В рассказе «Фарфор» Павлов смакует порочную связь капитана с куклой. В самый неподходящий момент в каюту заходит шкипер. Опозоренный капитан стреляется из малокалиберки.
В следующем рассказе – «Суша» – тоже смерть капитана. Жена капитана не хочет отпускать его в море, молит дьявола, чтобы испарились моря и океаны. Развязка в духе классической «Обезьяньей лапки» Джекобса: капитана по-булгаковски переехал трамвай.
Не таких рассказов ждешь от именитого полярника. Отложил книгу в паршивом настроении. Чтобы отвлечься, полистал «Лорда Джима» Конрада.
Снилось, что по музыкальному салону бегают огромные, размером с кошку, тараканы.
15 февраля
Встретил рассвет в рубке со старпомом.
Красное тропическое солнце. Океан дымит. Из воды, будто ошпаренные, выпрыгивают летающие рыбки. Видел акулу-молот.
Около пяти вечера, в сорока милях от скалистых островов Сан-Паулу, в рубку заглянул капитан.
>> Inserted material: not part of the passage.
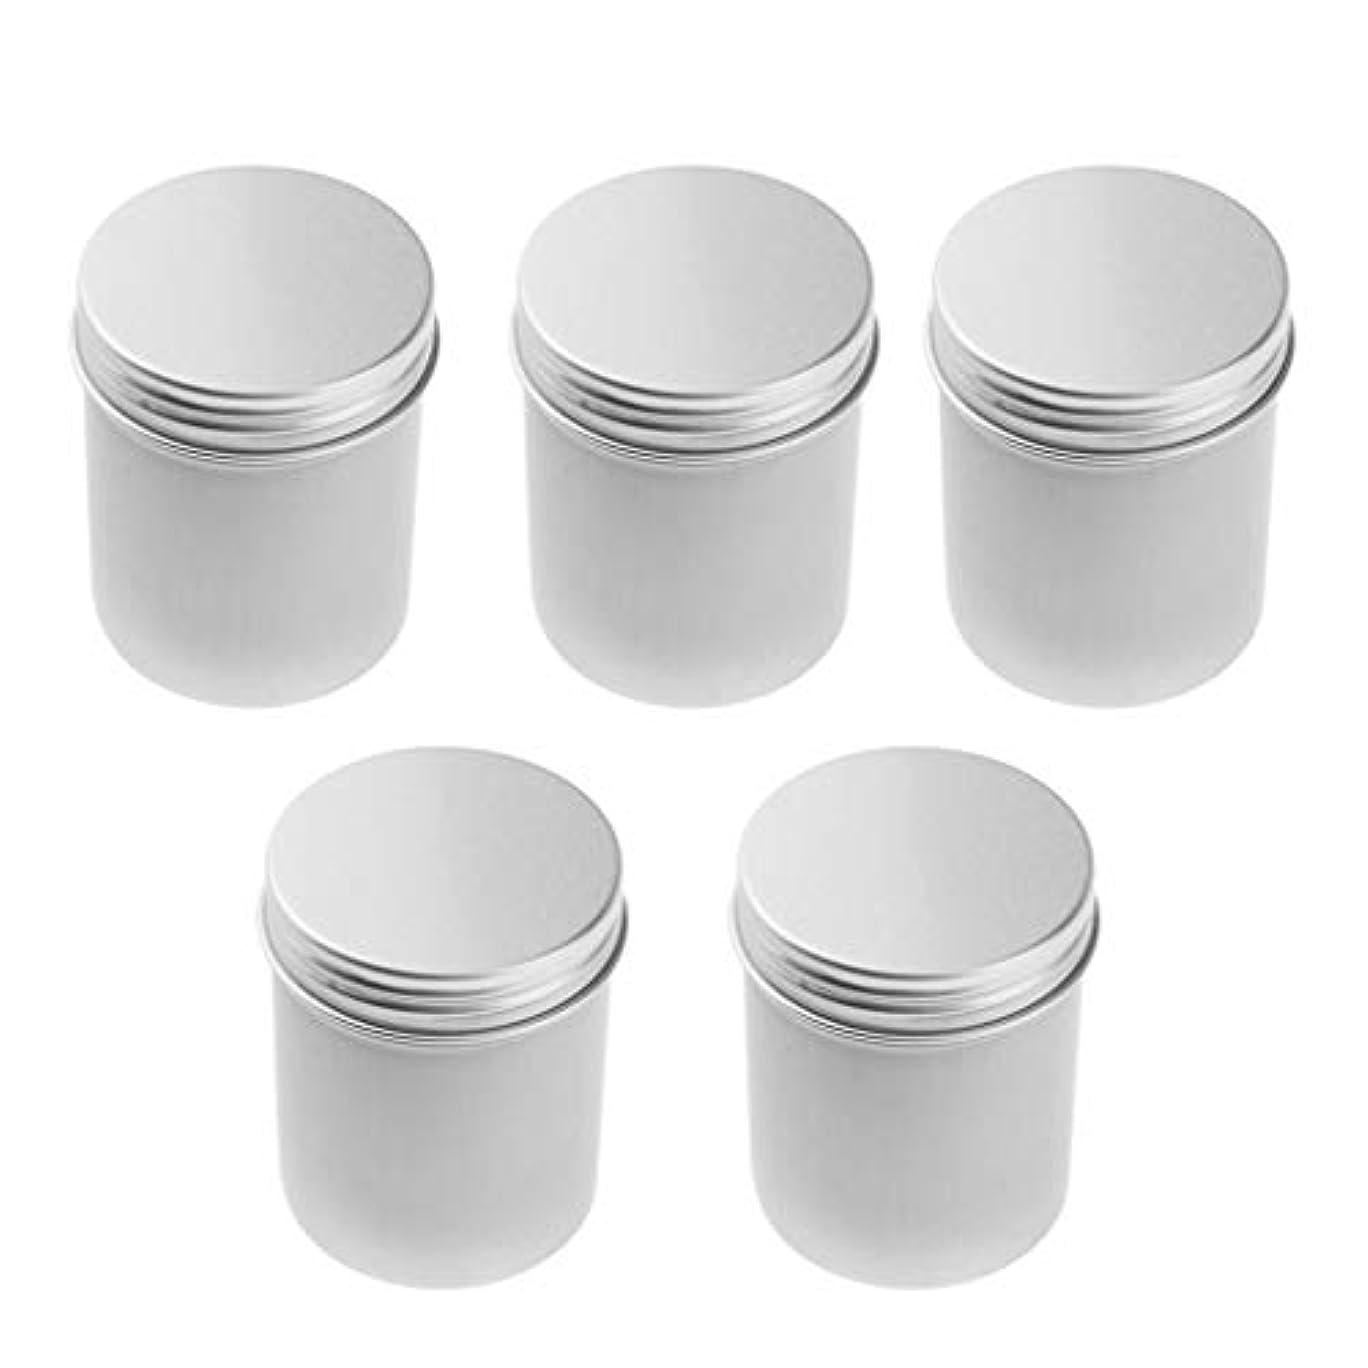 IPOTCH アルミ缶 ポット コスメ 化粧品 詰替え容器 缶 ネジ蓋 高級アルミ製 5本 80ミリリットル 汎用

Цветастая рубашка, элегантные шорты на загоревшем теле. Глянул на меня:
– Искупаться не хочешь… старина?
От соленой воды у меня зудело тело – забыл ополоснуться после прошлого захода в бассейн, – но я согласился.
– Вот не первое с тобой плавание, Адам. – Капитан на ходу расстегивал пуговицы рубашки. – Ценз доверия между нами был. Но после свиньи, которую ты мне положил…
– Бога ради! – не выдержал я. – Ты все про повесть.
Я его не узнавал. Обычно выдержанный, малословный на службе, сейчас капитан выглядел как-то издерганно, и лицо его постоянно двигалось отдельными участками.
– Да какая повесть! Ты шарил в моем столе, читал мой дневник! И эти приписки про красную дверь… Знаешь ли!
– С ума сошел?! Какой дневник? Какая дверь? Никуда я не…
– Что я, врать буду? Тогда, в моем кабинете, пока меня ждал…
– Я, может, чего не понимаю. Может, что не так скажу, но вот так меня обвинять в низком… Представь, каково мне сейчас.
Он засомневался:
– А кто тогда…
– Знать не знаю. Но ты представь, что я этого не делал, а потом поставь себя на мое место – и вся лавочка.
Он долго молчал. Осунулся, оплыл лицом. Когда ответил, в голосе звучали нотки усталости и безразличия:
– Возможно, я что-то напутал… Может, я сам…
Он сбивчиво извинился. Не помню за ним такого.
Его нервозность передалась и мне. Я ощутил океан как огромную массу, которая находится снизу – и это ее не устраивает.